Ancak, böyle bir durum yoksa ve buna rağmen saçlarınız süratle beyazlamaya devam ediyorsa o zaman mesele maruz kaldığınız yoğun strestir. Genetik için yapabileceğiniz bir şey olmasa da stresinizi dengelemeyi deneyerek saçlarınızın beyazlamasını geciktirebilirsiniz.
Kuruluk: Yağ dengesizlikleri
Saçlarınızın kuruluğundan yakınıyorsanız ve elleriniz saçlarınıza dokunduğunda beklediğiniz yumuşaklık ve canlılık yoksa bunun birkaç nedeni olabilir. Tıpkı cildimiz gibi saçlarımız da etraftan beslenir. Bu sebeple saç telleri artan sıcaklıktan etkilenir. Sıcak yaz günlerinin yanında, maşa, düzleştirici, yüksek ısılı fön gibi fazla sıcağa maruz kalması da saçların kurumasına neden olabilir. Bu sebeple saçınızı yüksek ısıdan uzak tutmanız faydalıdır.
Bununla beraber, kuru saçlar içten gelen bir sağlık meselesine de işaret edebilir. Beslenmenizdeki sağlıklı yağ yetersizlikleri de saçlarınızın kurumasına neden olabilir. Avokado, zeytinyağı ve somon gibi bol ölçüde sağlıklı yağları beslenmenize ekleyerek cildinizi ve saç tellerinizi destekleyebilirsiniz.
Kırılgan uçlar: Vitaminsizlik
Saçlarınıza iyi bakmanıza rağmen saç uçlarınız kırılıyorsa beslenmenizde farklılıklar yapmanız gerekmektedir. E vitamini, demir ve C vitamini yoksunluğu da sağlıksız saçlara neden olabilir. E vitamini, yağ desteği sağladığı için sağlıklı bir saç teni için şarttır. Demir olmadan saç kökleri bütün olarak çalışamaz ve C vitamini bedenin sağlıklı saç gelişmesi için zorunlu olan kolajen üretimini sağlar. Bu sebeple beslenmenizin bedeninizin ihtiyacı olan vitamin ve mineralleri içerdiğinden emin olmalısınız.
Kuru ve kırılgan saçlar: Susuzluk
Yeterli su tüketmemek saç tellerinin hem kurumasına hem de kırılmasına zemin hazırlıyor. Bir saç telinin %25’inin sudan oluşur.
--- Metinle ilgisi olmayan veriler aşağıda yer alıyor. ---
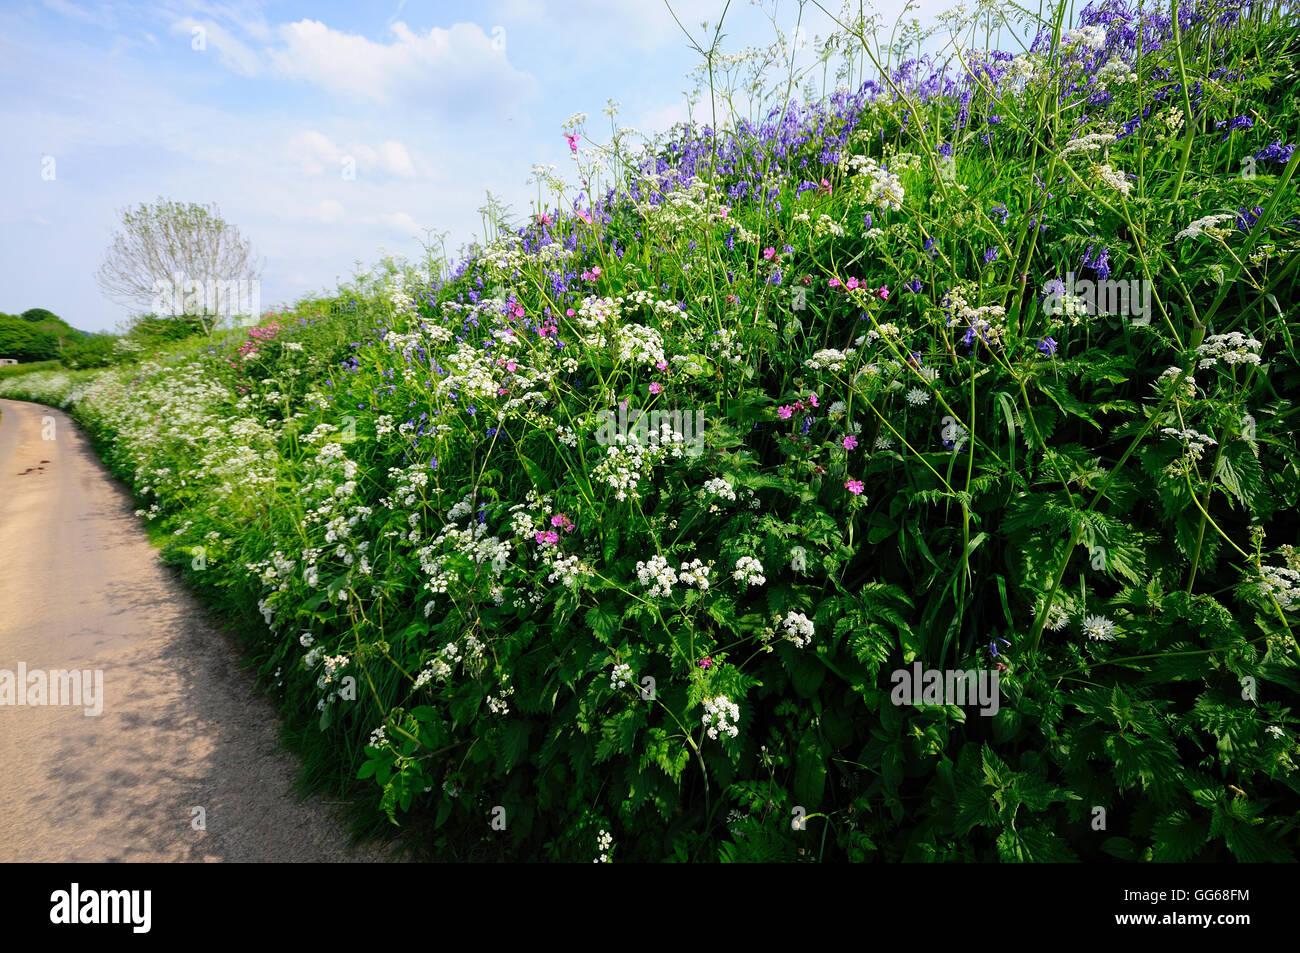 Spring wild flowers on roadside bank uk stock photo 113235128 alamy spring wild flowers on roadside bank uk mightylinksfo

Beden susuz kaldığında saçlar da etkilenir; zira beden, sahip olduğu az suyu kritik uzuvların çalışması için kullanır ve saça suyu yollamaz. Bu sebeple saç telleri susuz kalır. Nemsizlik de saçın hem kurumasına hem de kırılmasına neden olur. Hem bütüncül sıhhatinizi gözeterek bedeninizdeki tüm sistemlerin yararlı bir biçimde işlemesini sağlamak hem de saçlarınızın nemini karşılamak için her gün yeterli ölçüde su içmenizde fayda var.
Pul pul dökülme: Yağ asitleri yokluğu
Olur olmadık anlarda kafanızı kaşımak istiyorsanız nedeni kurumuş saç deriniz olabilir. Pul pul dökülen deri parçalarıyla kendini gösteren kuru saç dipleri, omega-3 ve omega-6’lara ihtiyacınız olduğunu gösterir. Saç diplerinin sağlıklı olması için yağ asitleri önemlidir. Bu sebeple, ayçiçeği, keten tohumu, balık ya da balık yağını diyetinize ekleyerek saç teninizi canlandırabilir, dökülmeleri önleyebilirsiniz.